### Exercise aim
Word for word, print out all of the data, omitting every image.

### Source material

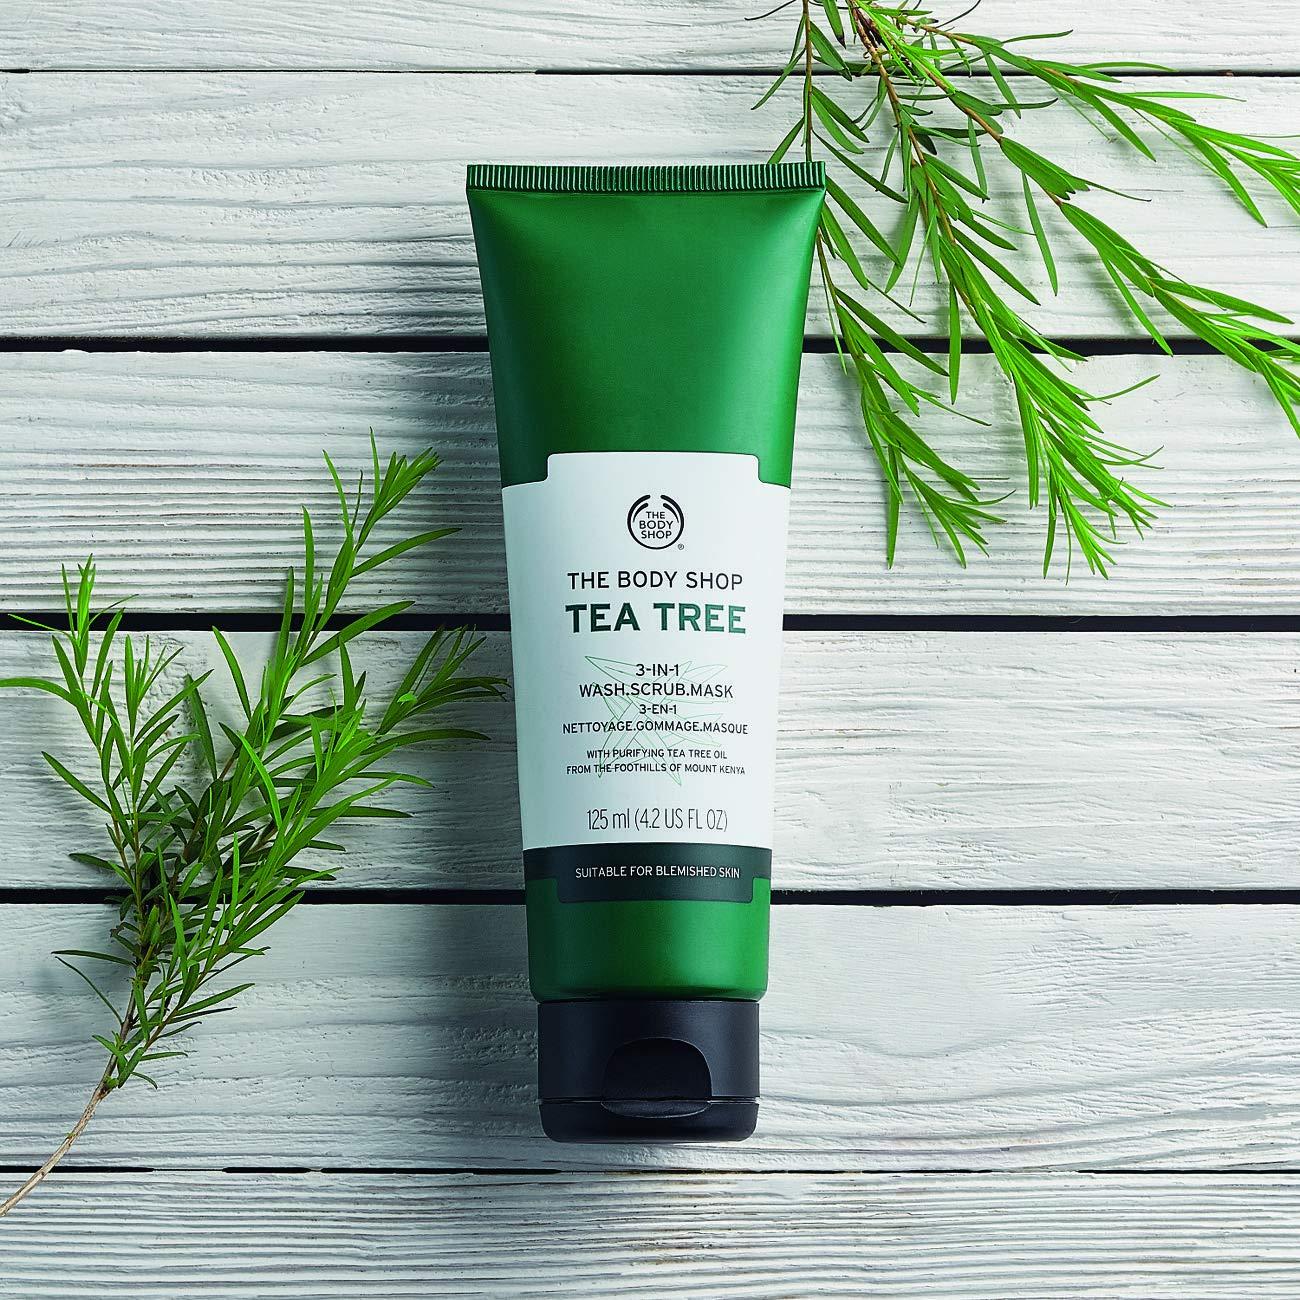 The-Body-Shop-Tea-Tree-Wash-Scrub-Mask
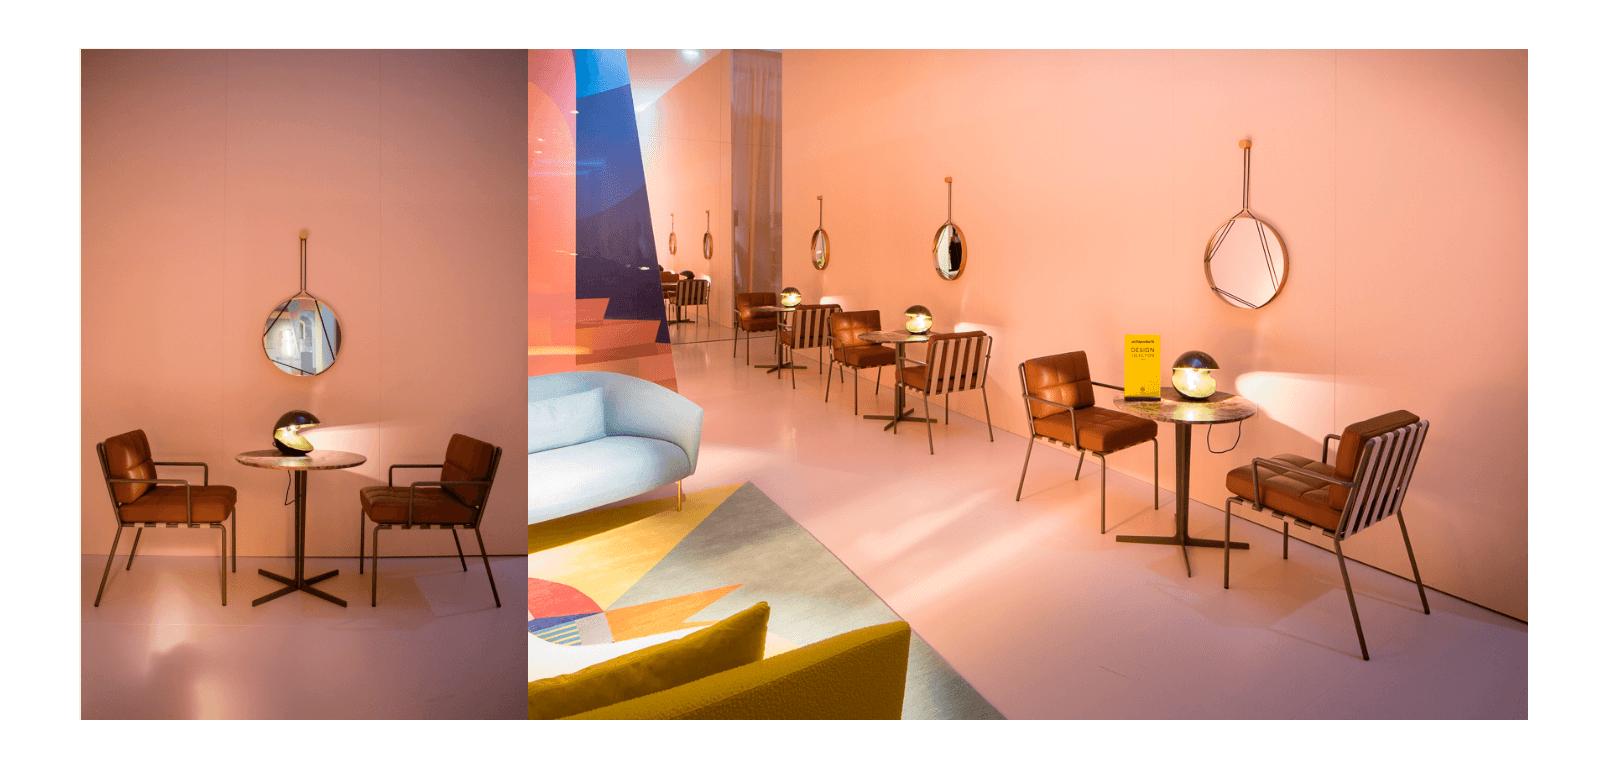 tacchini italia julep nouveautes milan 2018 silvera. Black Bedroom Furniture Sets. Home Design Ideas
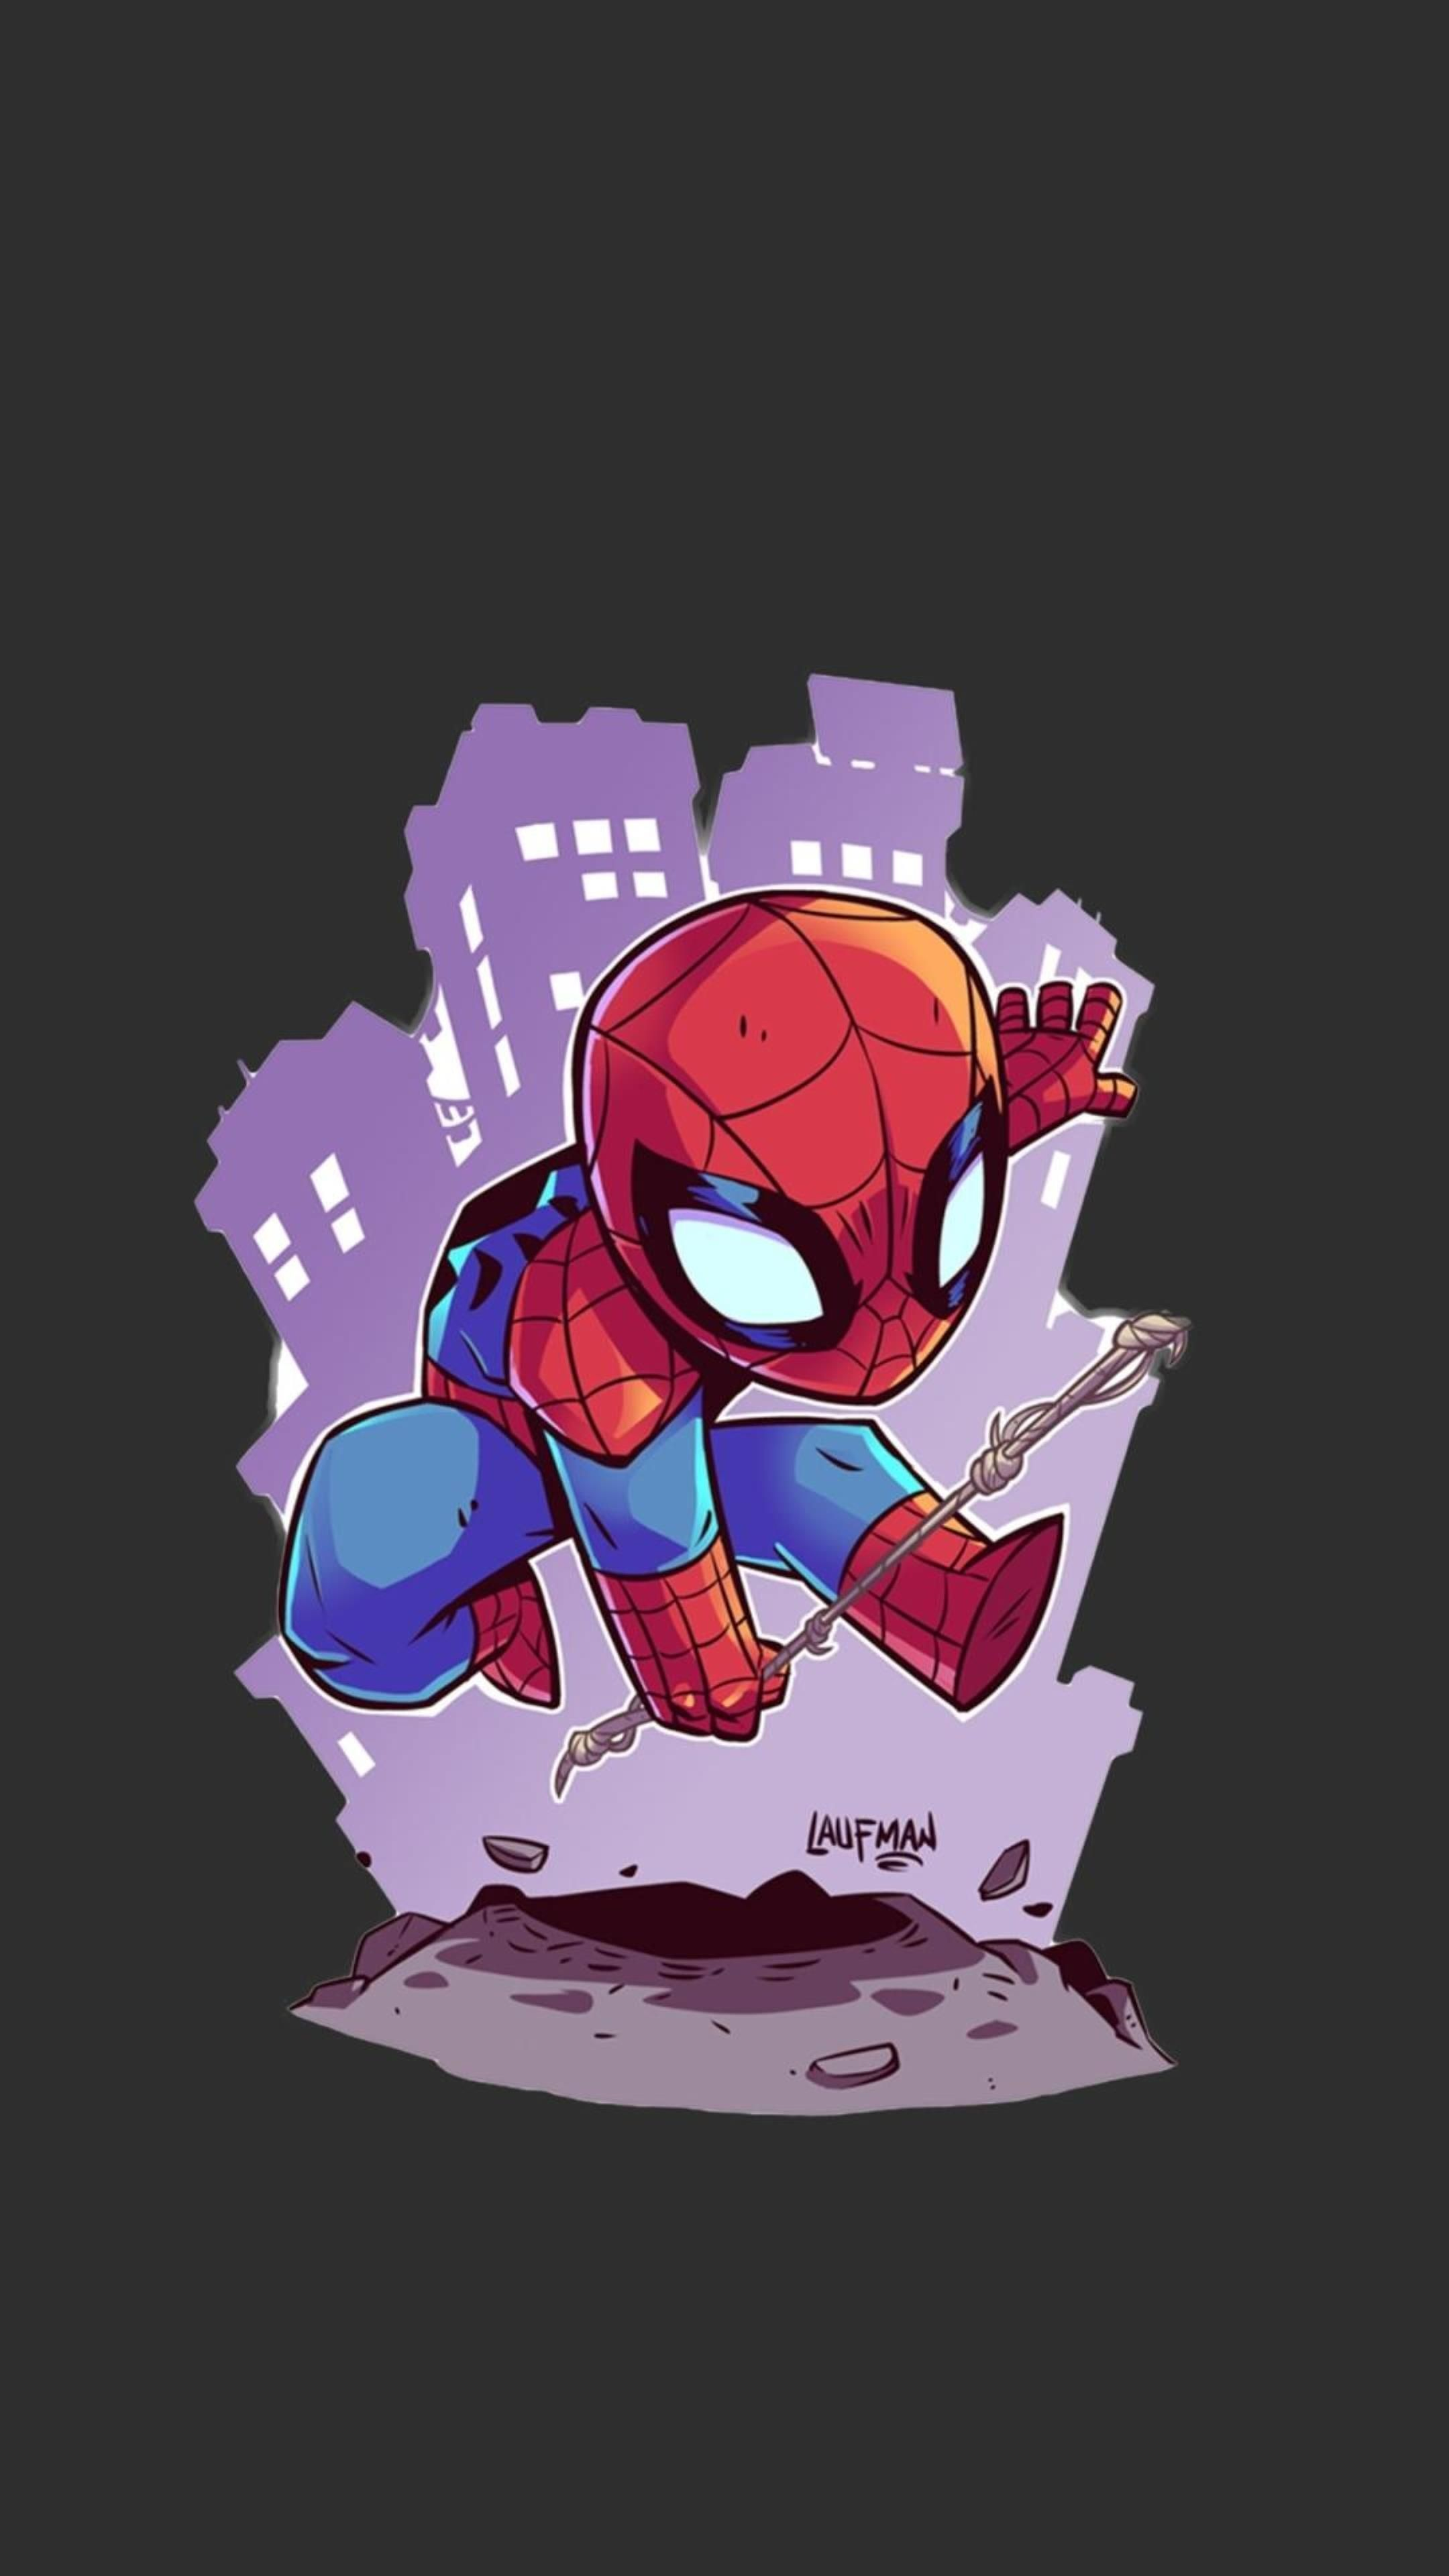 Spiderman Wallpapers Spiderman Marvel Wallpaper Avengers

### Written reply
 The-Body-Shop-Tea-Tree-Wash-Scrub-Mask
 tacchini italia julep nouveautes milan 2018 silvera. Black Bedroom Furniture Sets. Home Design Ideas
 Spiderman Wallpapers Spiderman Marvel Wallpaper Avengers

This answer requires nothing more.